Kinds of containers

Wed Oct 21 11:48:13 PDT 2015

On Wednesday, 21 October 2015 at 18:05:07 UTC, Jonathan M Davis 
wrote:
> On Wednesday, 21 October 2015 at 16:36:46 UTC, Brad Anderson 
> wrote:
>> On Wednesday, 21 October 2015 at 11:05:12 UTC, Andrei 
>> Alexandrescu wrote:
>> [snip]
>>> 2. Reference containers.
>>>
>>> These have classic reference semantics (à la Java). 
>>> Internally, they may be implemented either as class objects 
>>> or as reference counted structs.
>>>
>>> They're by default mutable. Qualifiers should apply to them 
>>> gracefully.
>>>
>>> 3. Eager value containers.
>>>
>>> These are STL-style. Somewhat surprisingly I think these are 
>>> the worst of the pack; they expensively duplicate at the drop 
>>> of a hat and need to be carefully passed around by reference 
>>> lest performance silently drops. Nevertheless, when used as 
>>> members inside other data structures value semantics might be 
>>> the appropriate choice. Also, thinking of them as values 
>>> often makes code simpler.
>>>
>>> By default eager value containers are mutable. They should 
>>> support immutable and const meaningfully.
>>
>> Having both reference and value semantics for containers would 
>> be great. I don't understand why reference semantics would be 
>> implemented by the container themselves though. Why not a 
>> general purpose RC! (or RefCounted! if the current design is 
>> deemed sufficient) that can apply to anything, including 
>> containers? Then you'd only need to implement the value 
>> semantic containers (and maybe throw in some RC version 
>> aliases to promote the use of the RC versions so the option 
>> isn't overlooked). It seems kind of crazy that anything in D 
>> that wants to be reference counted would need to implement the 
>> logic themselves.
>>
>> If there are performance advantages (I haven't thought of any 
>> but perhaps there are) to bake the RC right into the container 
>> it might also be possible to use DbI take advantage of it in 
>> RC! when appropriate.
>>
>> It just seems so wrong to implement reference counting dozens 
>> of times independently, especially when that means 
>> implementing all the containers twice too.
>
> If we had value type containers and reference type containers, 
> I would assume that they would at least share implementation, 
> and maybe the reference types would just be wrappers around the 
> value types. However, I completely fail to understand why you'd 
> ever want a container that was a value type.

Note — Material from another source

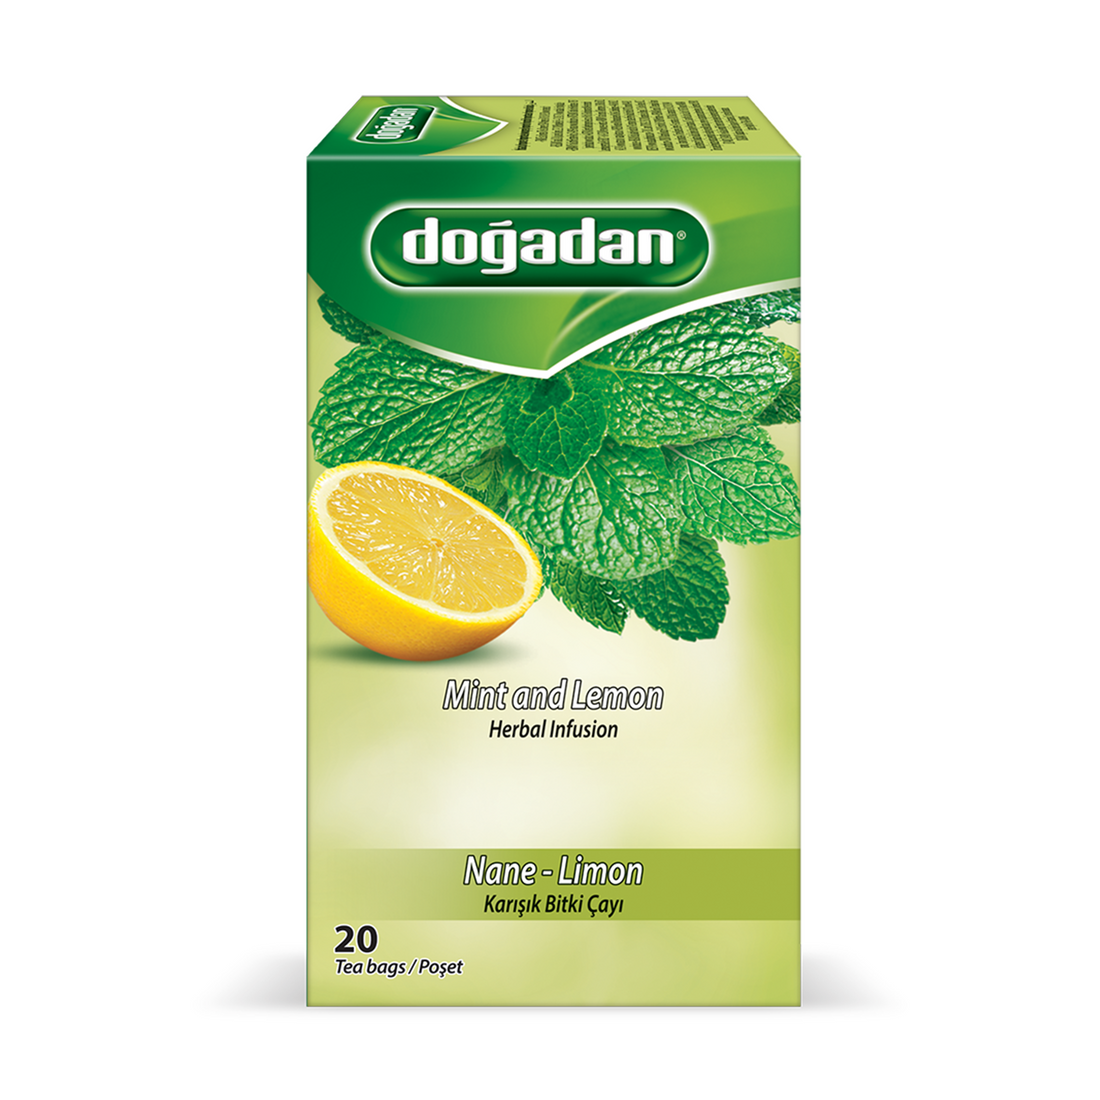 Dogadan Mint &amp; Lemon Herbal Infusion 2g×20P | Dogadan Nane-Limon Karisik Bitki Cayi | Mint snd Lemon Herbal Infusion

Well they are more efficient when used correctly (no inc/decs). 
Using them correctly does take some additional knowledge and 
consideration though. C++11 did take care of a whole class of 
implicit copying and RVO has long taken care of another class of 
them. I don't think it happens (in C++) quite as often as you are 
making it out to be (at least in my experience) but I'll admit I 
have had a bug or two caused by modifying a copy when I thought I 
was changing a reference. I could just as easily have bugs caused 
by modifying a reference when I thought I was modifying a copy 
though. Either approach comes with its own considerations.

> In my experience, it's very error-prone and adds no value.

Unless we end up with compiler assisted inc/dec elision they are 
always going to be faster. Perhaps marginally faster but still 
faster and the realtime guys are always going to demand the 
fastest option.

> It just makes it too easy to accidentally copy a container, and 
> it can be pretty easy to have an iterator, range, etc. 
> referring to a container that's already been destroyed (similar 
> to having a dynamic array referring to a static array that's 
> left scope).

Having the ranges of a container keep the reference count would 
make the speed advantage of the value types even more of a 
factor. That might actually change the performance advantage away 
from being just subtle to being strong. We'd need to benchmark to 
say for sure, of course.

Just a sidenote regarding iterator invalidation: C++, when 
following the new C++ Core Guidelines, is actually able to do 
static analysis of iterators for memory safety without ref count 
overhead. Herb Sutter showed a preview version of MSVC doing it 
during his keynote this month at CppCon[1]. It blew me away that 
they were about to do that with C++.

> As long as the containers have a dup method (or whatever we 
> call it) so that they can be copied when you do want to copy 
> them, I would think that that was more than enough. What do you 
> get with a value type container that you consider better than a 
> reference type? It's not like it lives on the stack as a value 
> type. Most of the container's guts are on the heap regardless.
>
> - Jonathan M Davis

All that said, I agree with you that the implicit copying isn't 
really all that desirable. Perhaps there is a better way. What if 
instead of value semantics we had unique containers (akin to 
std.typecons.Unique or unique_ptr in C++) and required people to 
always state whether it was a copy or move? That takes care of 
the error prone implicit copying while retaining the performance 
characteristics.

1. https://www.youtube.com/watch?v=hEx5DNLWGgA